Upon its release, "Paparazzi" received mixed reviews from music critics. Jeff Benjamin from Billboard named it a "high-energy" track. James Hadfield, writing for the Tokyo edition of Time Out, compared the song's R&B styles to those of the group's previous 2011 Japanese-language single "Mr. Taxi" and called it a "redux" of the latter single, writing that "you'd struggle to spot many real improvements."
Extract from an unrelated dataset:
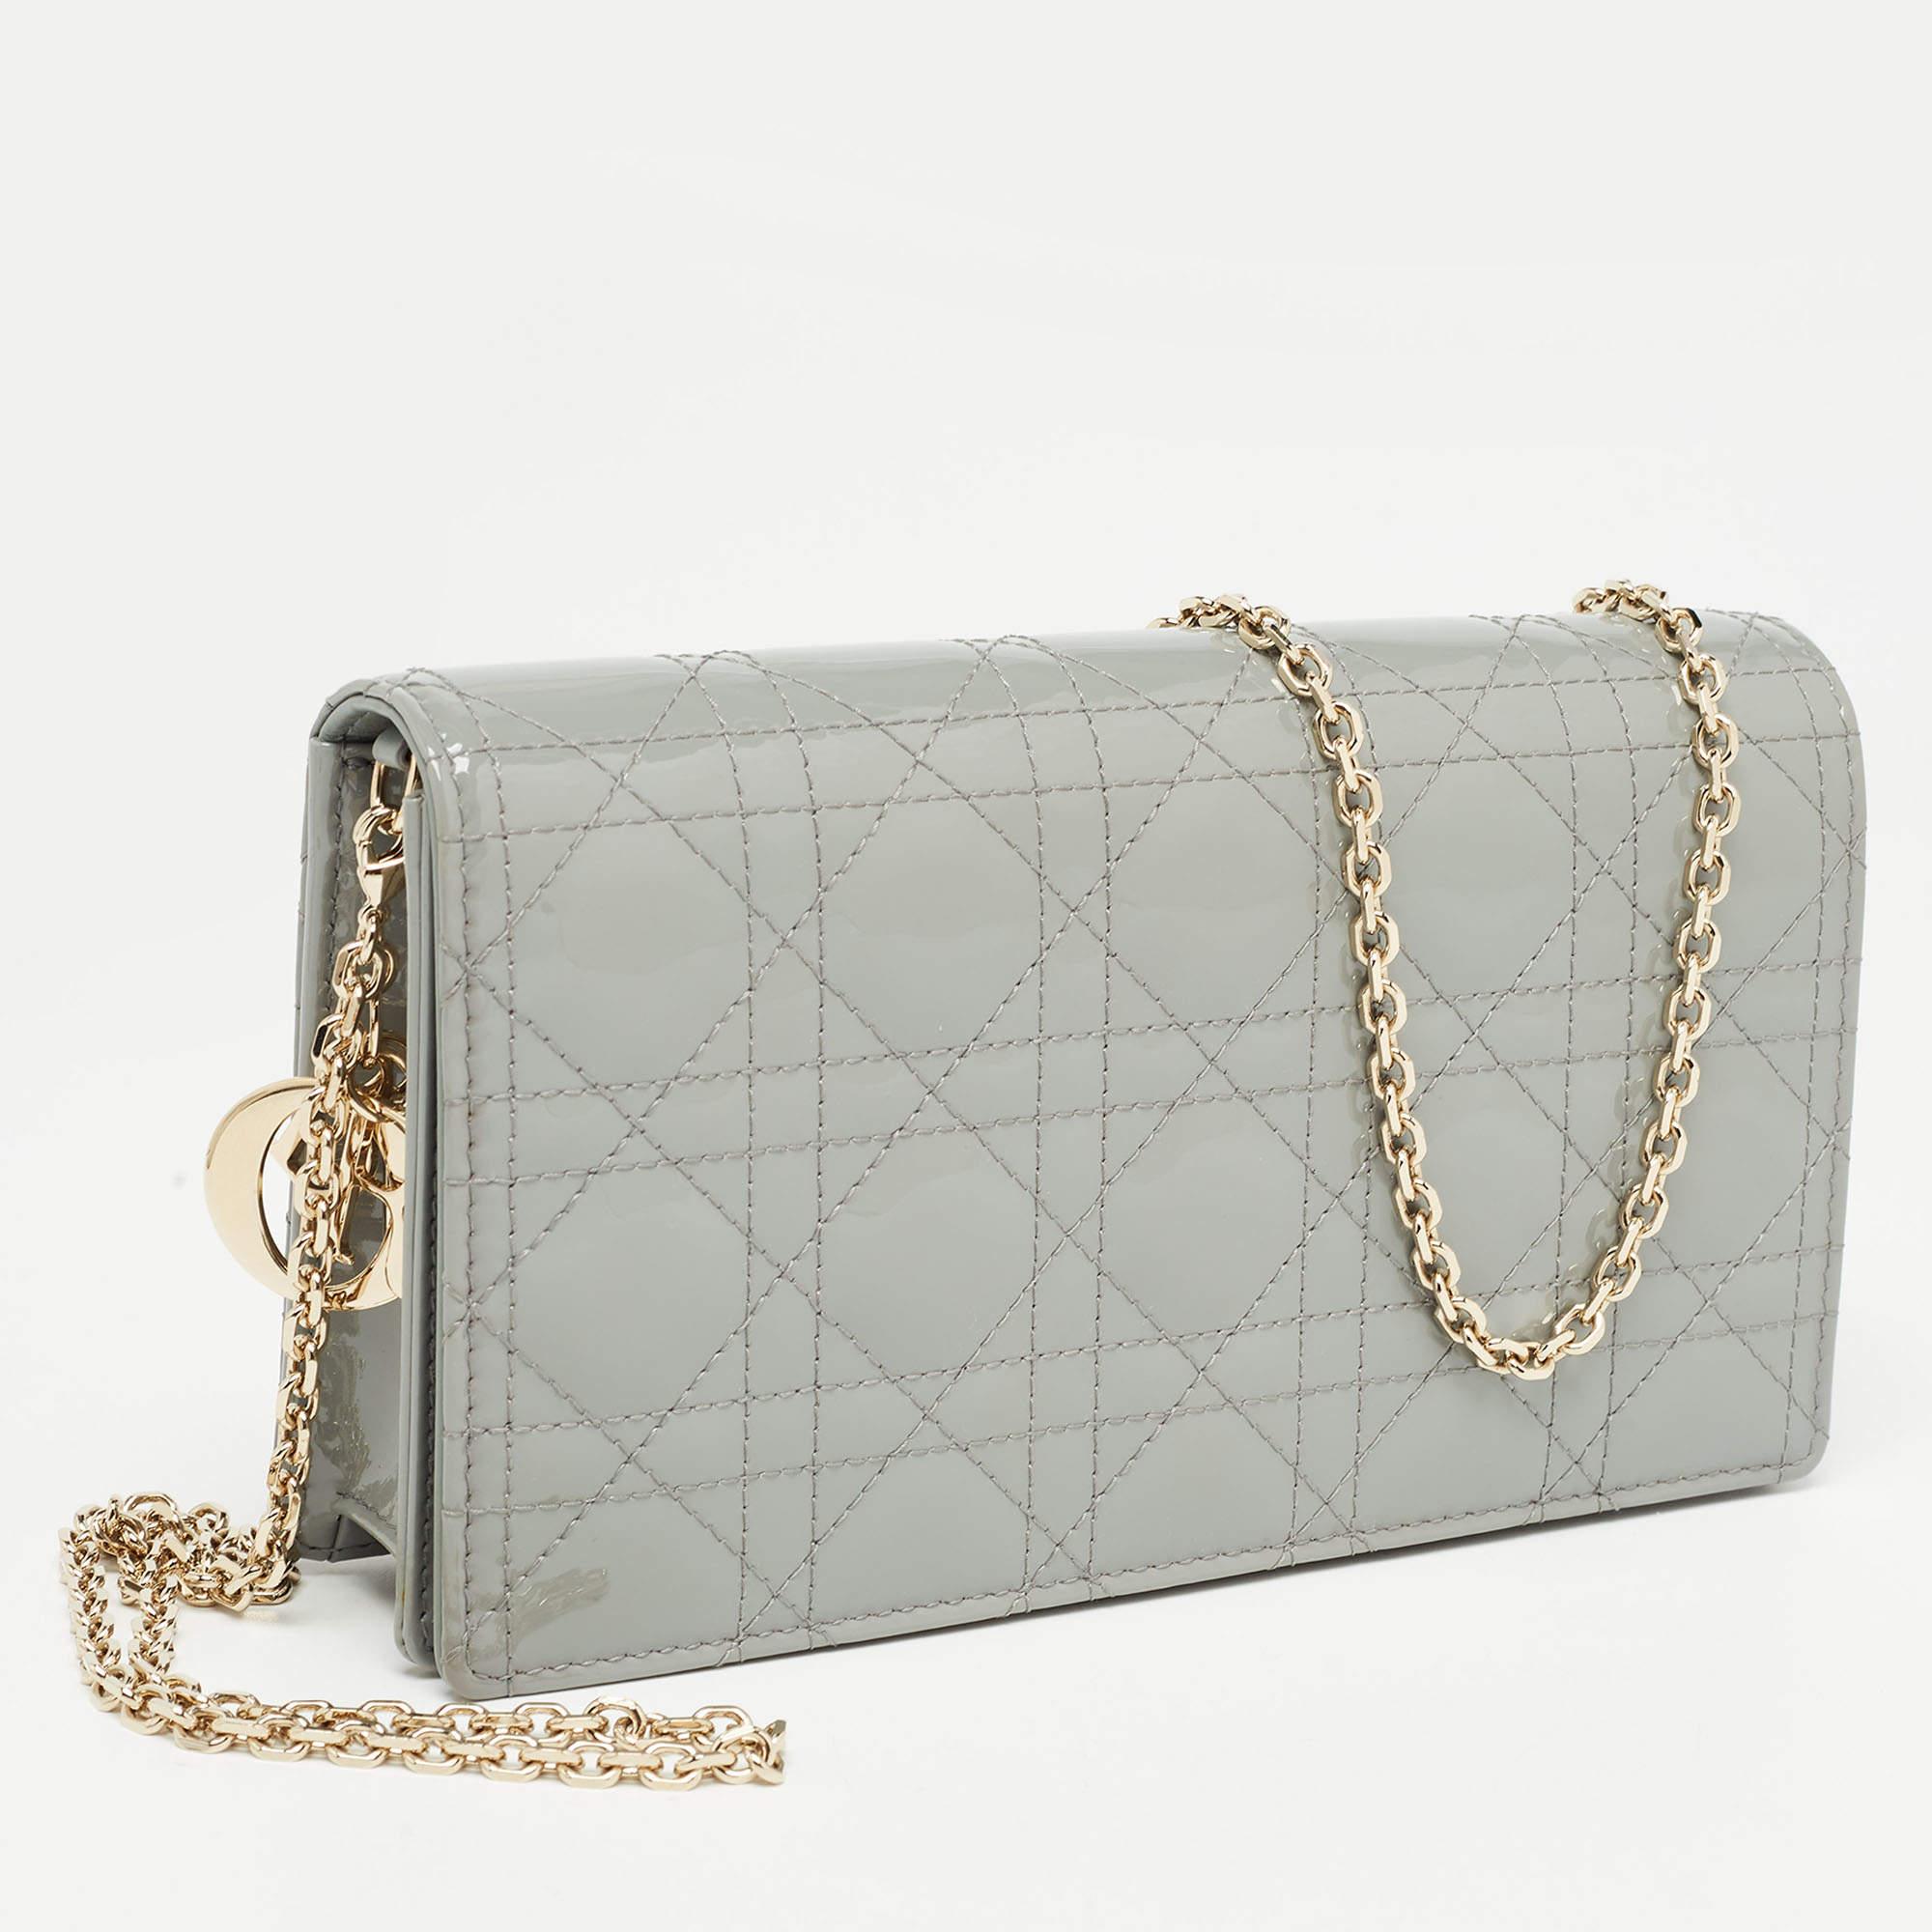 Due to detailed and innovative designs, Dior has managed to be at the top of fashion's hierarchy through the years. Infuse the signature aesthetics of the brand into your outfit by accessorizing it with this Lady Dior pouch. With a classic design,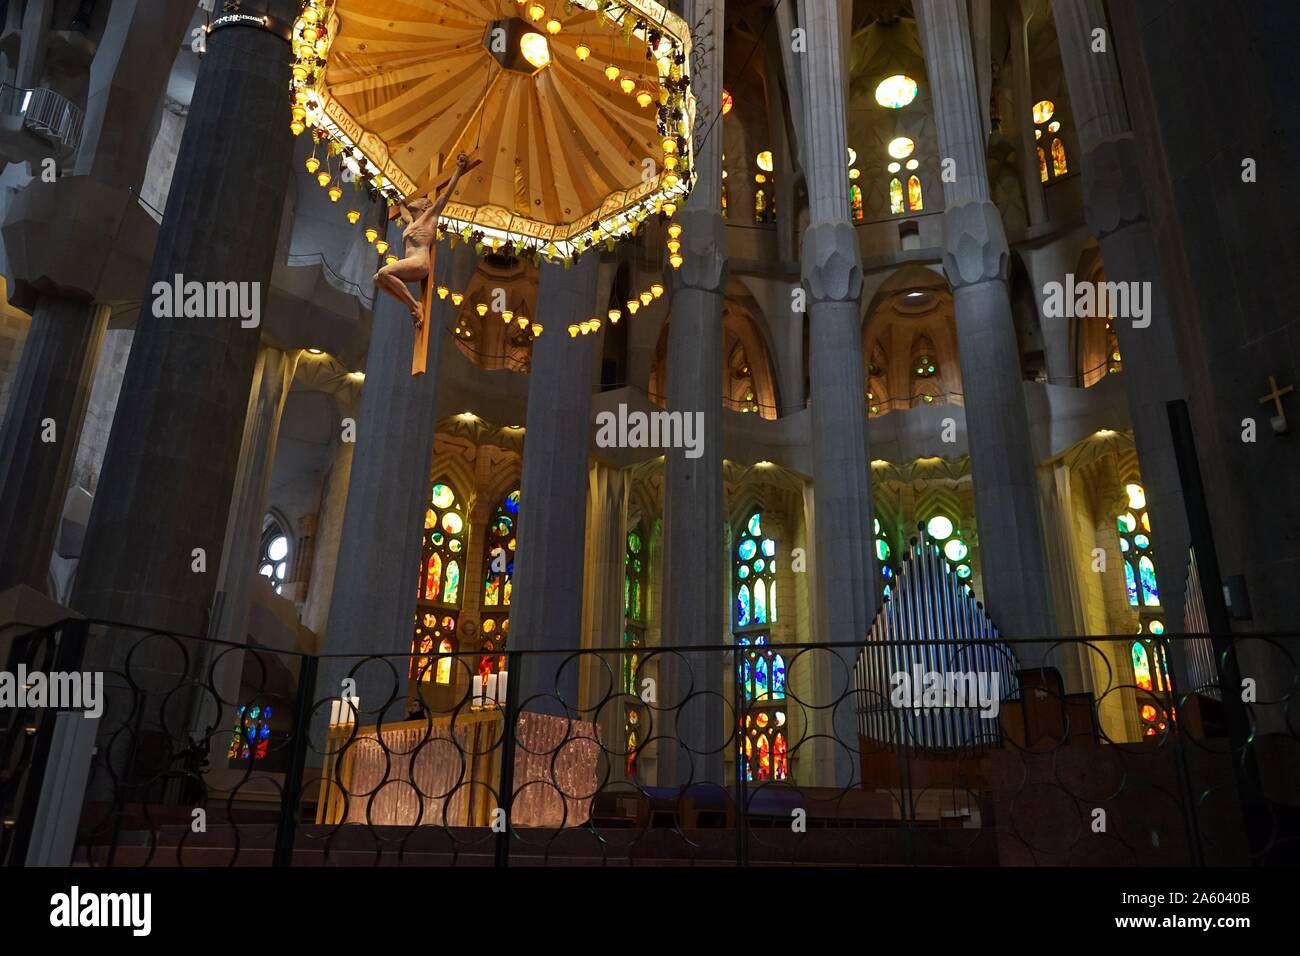 View of the suspended crucifix and glass altar within the Basílica i Temple Expiatori de la Sagrada Família, a Roman Catholic church in Barcelona, designed by Spanish architect Antoni Gaudí (1852–1926). Dated 21st Century Stock Photo

"Paparazzi" was a commercial success in Japan, debuting at number two on the Oricon Singles Chart on the chart issue dated July 9, 2012; the number one position belonged to KAT-TUN's single "To the Limit". The following week, it dropped to number ten. "Paparazzi" became the 58th best-selling physical single of 2012 on the Oricon chart, selling 136,181 copies.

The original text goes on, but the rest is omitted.